M. Auber, en apprenant que la plupart des officiers qui avaient si vaillamment combattu en Crimée, avaient fait leurs premières armes en Afrique, répondit par ce mot profondément juste : l’Algérie est le Conservatoire de l’armée. A Dieu ne plaise que j’aie jamais la pensée de demander l’application du régime militaire aux théâtres que l’Etat dirige ou qu’il subventionne ; mais de même que nous gardons pour nous les officiers qui sortent de nos écoles, ne pourrions-nous pas aussi attacher à nos théâtres, sinon pendant toute la durée de leur carrière, du moins pour temps assez long, les lauréats de notre Conservatoire et leur imposer en échange de l’éducation gratuite qu’ils ont reçue des conditions pécuniaires qui s’amélioreraient en proportion du développement de leur talent et de l’accroissement de leur renommée ? Les engagements tels qu’ils sont rédigés aujourd’hui deviennent purement illusoires par la stipulation du dédit que l’artiste a la faculté de payer et qu’il paye le plus souvent en monnaie étrangère. Il ne se fait aucun scrupule d’aller porter à Londres ou à Saint-Pétersbourg, à Vienne ou à Berlin, le talent dont l’ont doté les leçons de nos professeurs, aussitôt que le succès l’a lancé sur le chemin de la fortune en attirant vers lui les offres séduisantes des directeurs étrangers. C’est bien à tort que nous nous plaignons de la stérilité de notre école de musique ; elle produit tous les ans d’excellents sujets ; mais nous ne savons pas les conserver et nous leur préférons des fruits exotiques qui nous coûtent presque toujours bien plus cher qu’ils ne valent. Nous demandons des voix et il nous faudrait des musiciens ; de cette façon l’éducation musicale devient tous les jours moins indispensable et une belle note bien pleine, bien vibrante et surtout très-élevée remplace tout le reste. Nous arrachons l’ouvrier à son rabot, nous enlevons le laboureur à sa charrue pour les transporter, sans instruction préalable, sur nos plus grandes scènes lyriques en les faisant passer sur un pont d’or. Et ils sont là comme des oiseaux en cage exerçant leur voix et leur mémoire à retenir et à répéter des choses qu’ils ne comprennent pas. Qu’est-ce que l’art a à voir dans ces exercices de mnémotechnie et de gymnastique vocale ?

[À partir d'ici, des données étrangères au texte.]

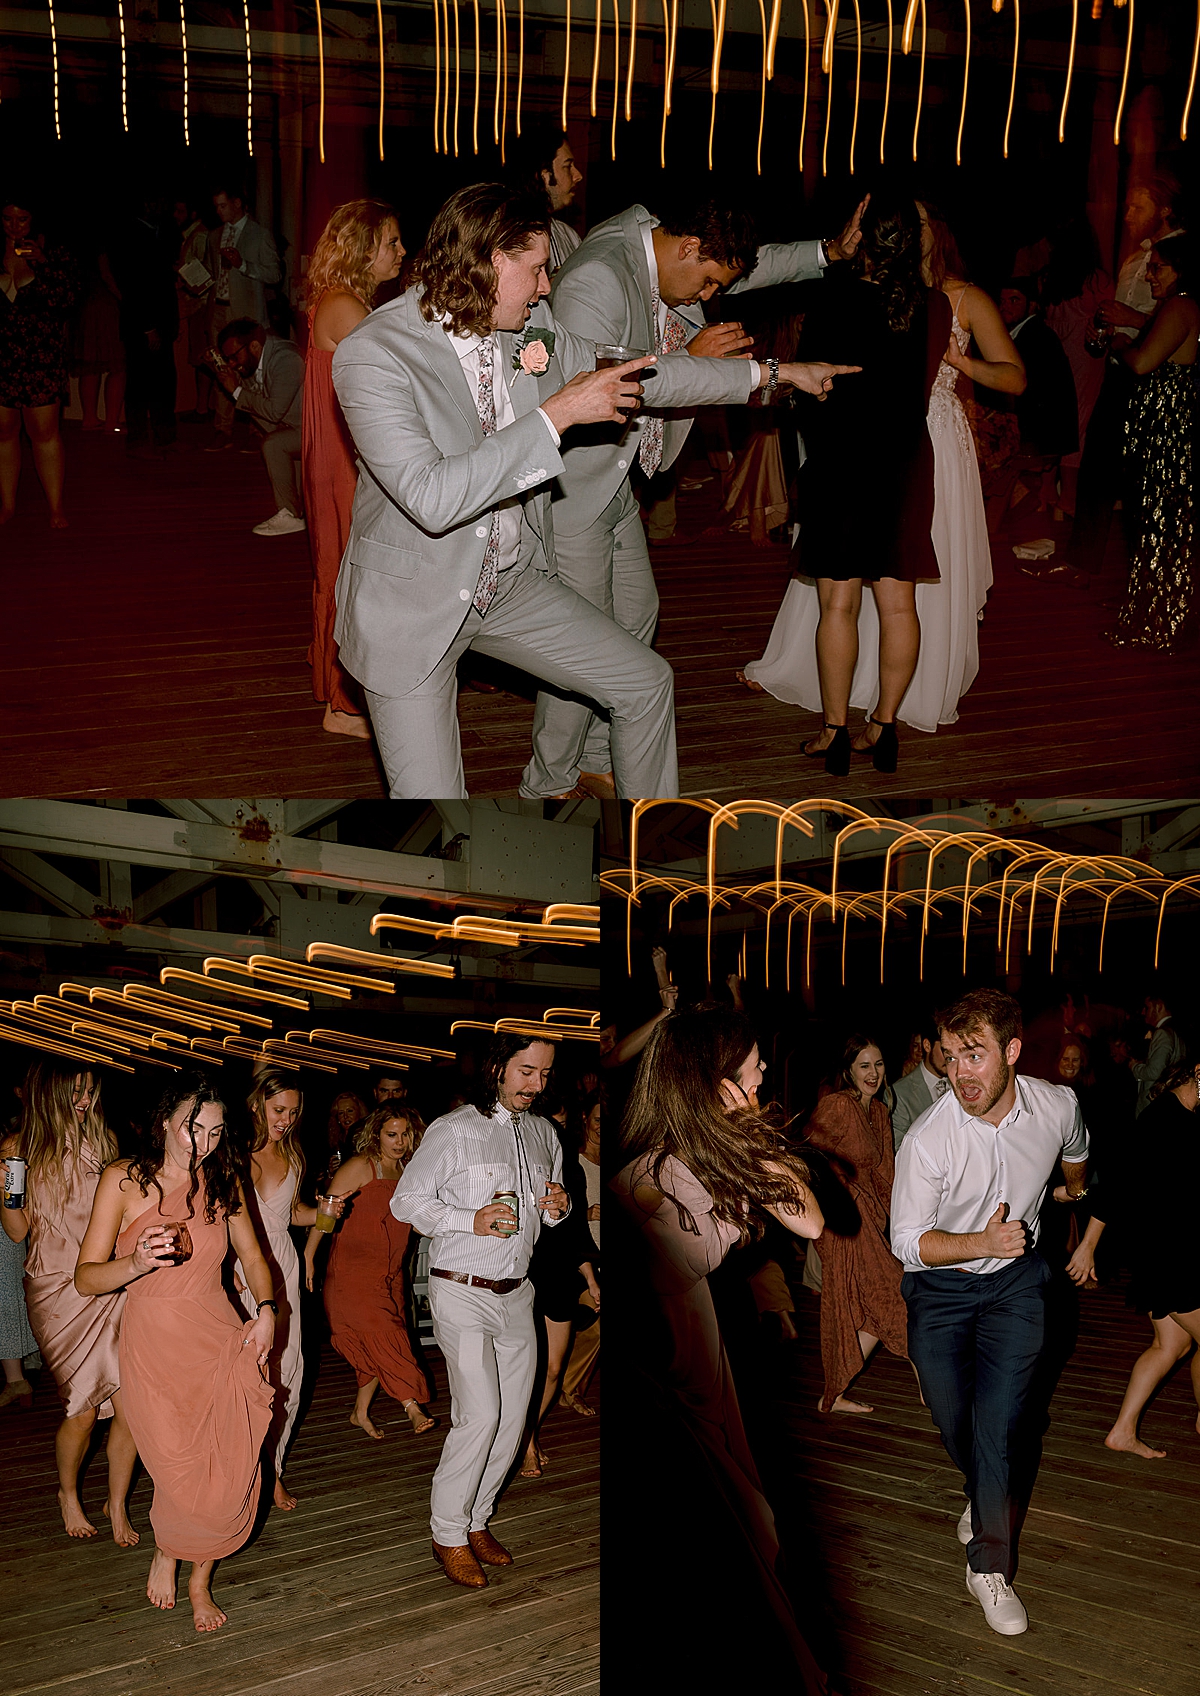 guests dancing at reception by Emily burns photo 
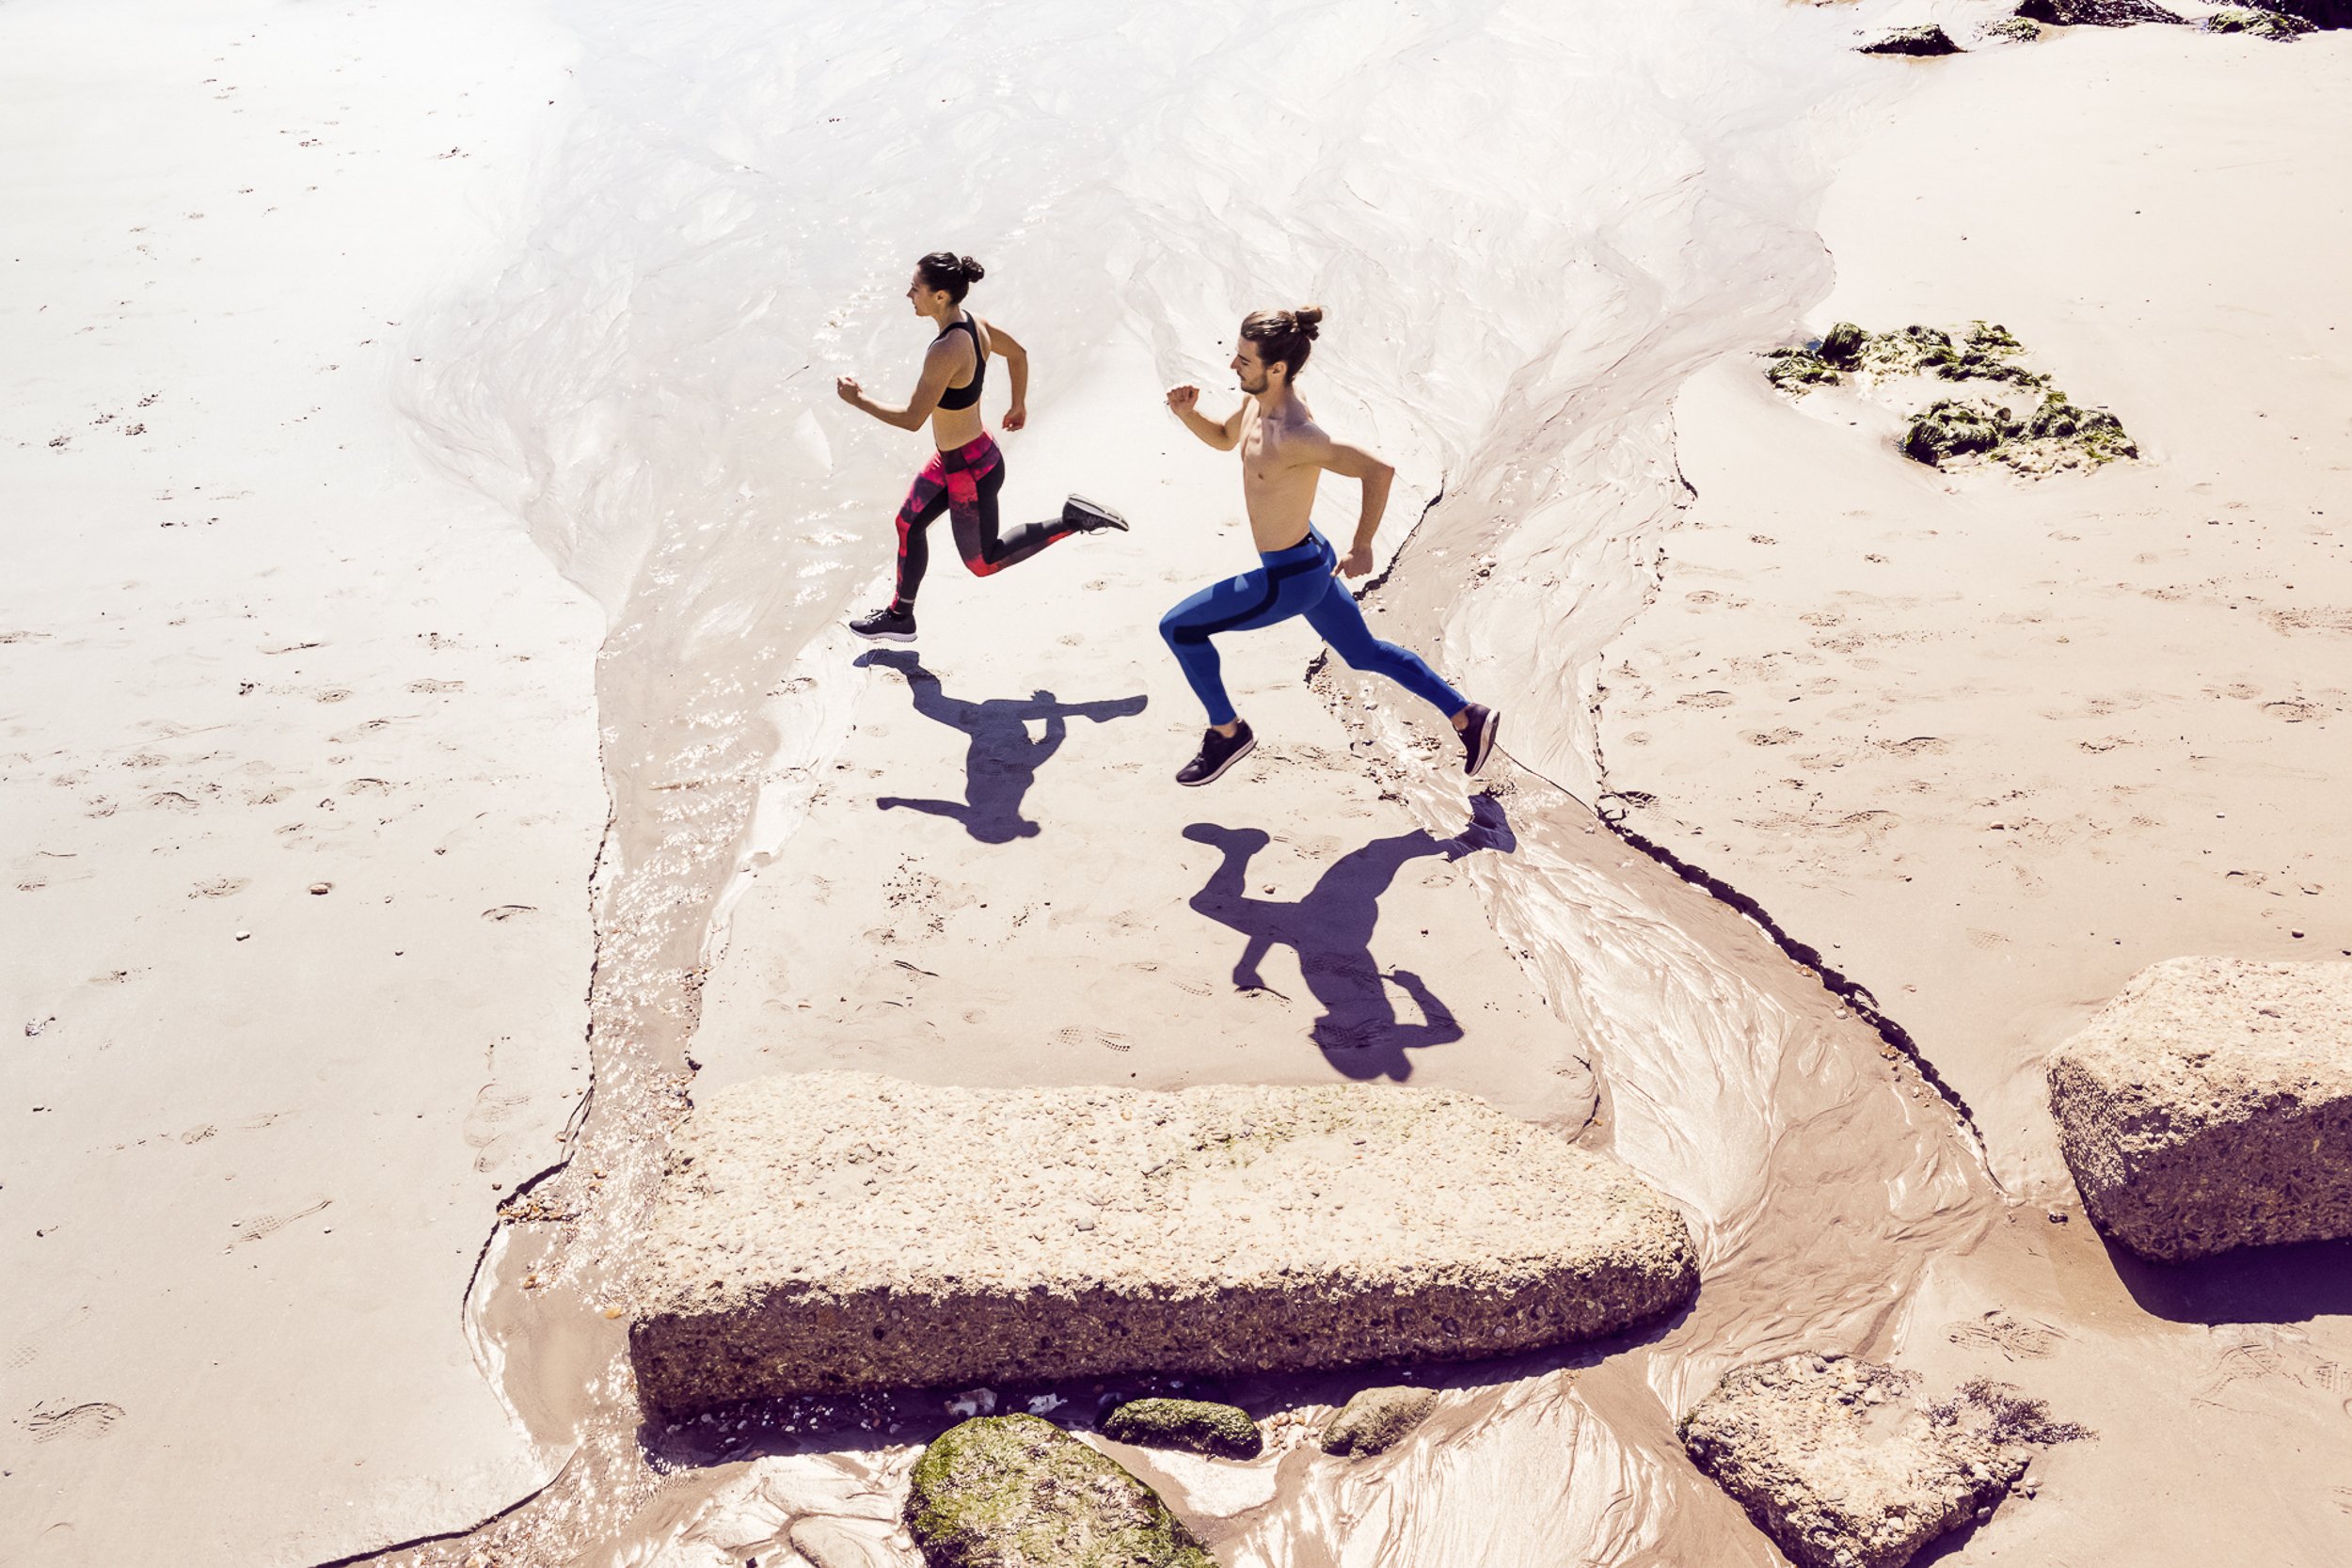 A lifestyle action shot of runners wearing sportswear, running across the sand on a beach.

Tant que les directeurs de nos théâtres lyriques se laisseront aller dans cette voie ou les entraînent aujourd’hui l’ignorance, le caprice et le défaut de sentiment musical du public, tant qu’ils ne comprendront pas que le succès de leur entreprise doit être basé uniquement sur la valeur des œuvres qu’ils ont mission de produire, tant qu’ils laisseront les planches de leur théâtre se transformer en un piédestal sur lequel viendront s’asseoir à tour de rôle des divinités que la fumée de l’encens enivre, ils grèveront inutilement leur budget de dépenses excessives, et en admettant même qu’au point de vue pécuniaire une chance heureuse les favorise ils n’auront absolument rien fait pour l’art musical auquel, en définitive, ils ne doivent pas être aussi étrangers qu’ils affectent de le laisser croire. Il faut que le niveau soit passé sur le personnel des troupes de théâtre et que des artistes dont le talent est réel, dont les services sont précieux ne soient plus écrasés, anéantis par ce premier ténor, par cette prima-donna qui planent au-dessus d’eux comme des anges de destruction. Il faut que chaque théâtre ait dans son personnel non pas un ou deux sujets mirifiques, mais assez de bons artistes pour former un ensemble dont le public finira bien par apprécier le mérite, de telle sorte que la représentation du lendemain n’exhibe plus la troupe de fer-blanc devant un public de carton comme pour servir de repoussoir à la représentation de la veille.

Je reviendrai sur cette question qui est loin d’être épuisée et qu’il est impossible de traiter à fond dans un seul article.